At the close, waiting yet another minute, he said in a clear loud voice, as he had said in the village at that hour and season for the previous forty years—“A merry Christmas to ye!”
CHAPTER V: THE LISTENERS
When the expectant stillness consequent upon the exclamation had nearly died out of them all, an increasing light made itself visible in one of the windows of the upper floor. It came so close to the blind that the exact position of the flame could be perceived from the outside. Remaining steady for an instant, the blind went upward from before it, revealing to thirty concentrated eyes a young girl, framed as a picture by the window architrave, and unconsciously illuminating her countenance to a vivid brightness by a candle she held in her left hand, close to her face, her right hand being extended to the side of the window. She was wrapped in a white robe of some kind, whilst down her shoulders fell a twining profusion of marvellously rich hair, in a wild disorder which proclaimed it to be only during the invisible hours of the night that such a condition was discoverable. Her bright eyes were looking into the grey world outside with an uncertain expression, oscillating between courage and shyness, which, as she recognized the semicircular group of dark forms gathered before her, transformed itself into pleasant resolution.
Opening the window, she said lightly and warmly—“Thank you, singers, thank you!”
Together went the window quickly and quietly, and the blind started downward on its return to its place. Her fair forehead and eyes vanished; her little mouth; her neck and shoulders; all of her. Then the spot of candlelight shone nebulously as before; then it moved away.
“How pretty!” exclaimed Dick Dewy.
“If she’d been rale wexwork she couldn’t ha’ been comelier,” said Michael Mail.
“As near a thing to a spiritual vision as ever I wish to see!” said tranter Dewy.
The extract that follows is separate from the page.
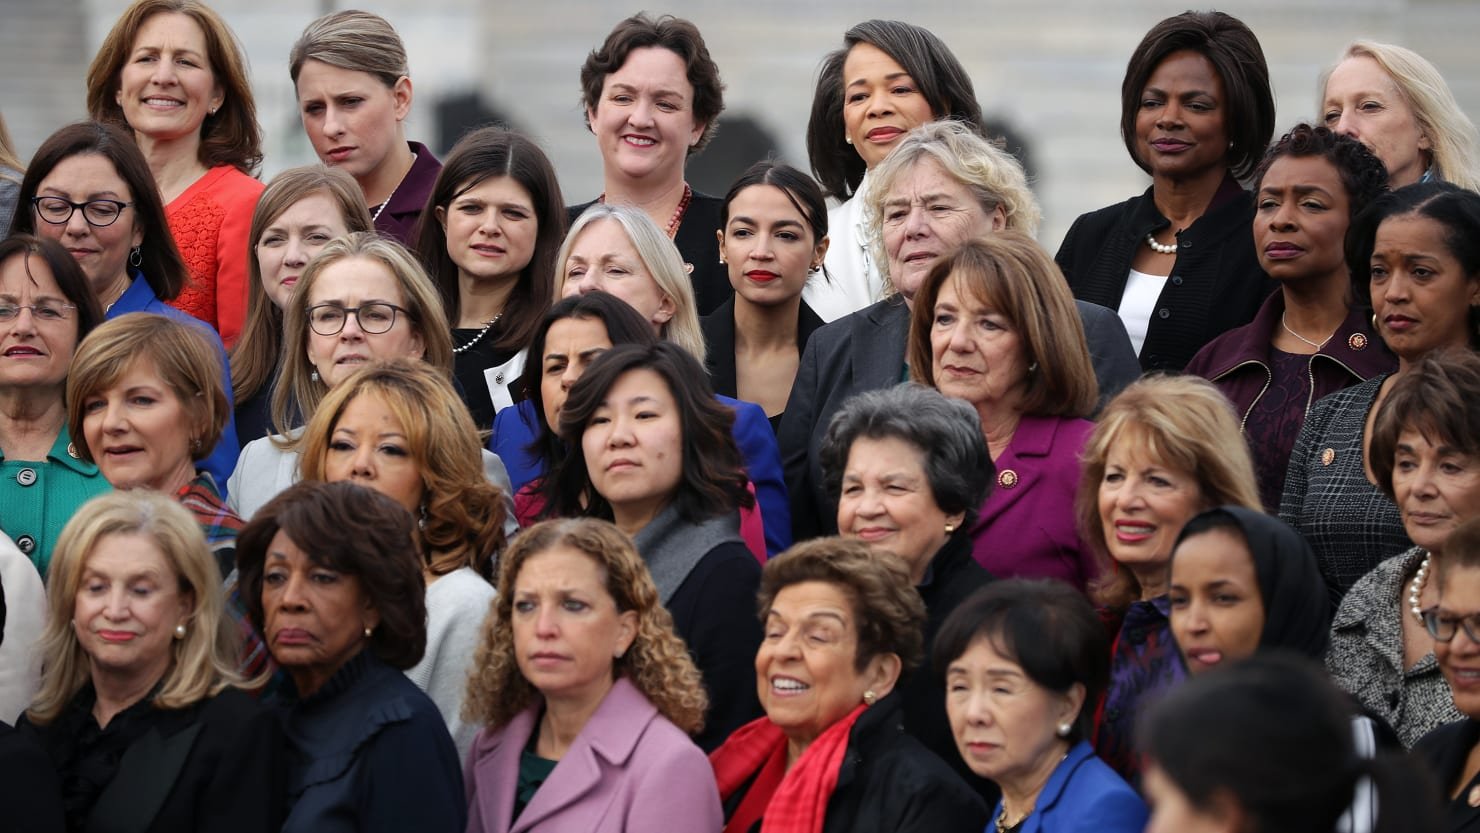 There’s an Exodus of Women Democrats From Congress, While the GOP Makes Gains

“O, sich I never, never see!” said Leaf fervently.
All the rest, after clearing their throats and adjusting their hats, agreed that such a sight was worth singing for.
“Now to Farmer Shiner’s, and then replenish our insides, father?” said the tranter.
“Wi’ all my heart,” said old William, shouldering his bass-viol.
Farmer Shiner’s was a queer lump of a house, standing at the corner of a lane that ran into the principal thoroughfare. The upper windows were much wider than they were high, and this feature, together with a broad bay-window where the door might have been expected, gave it by day the aspect of a human countenance turned askance, and wearing a sly and wicked leer. To-night nothing was visible but the outline of the roof upon the sky.
The front of this building was reached, and the preliminaries arranged as usual.
“Four breaths, and number thirty-two, ‘Behold the Morning Star,’” said old William.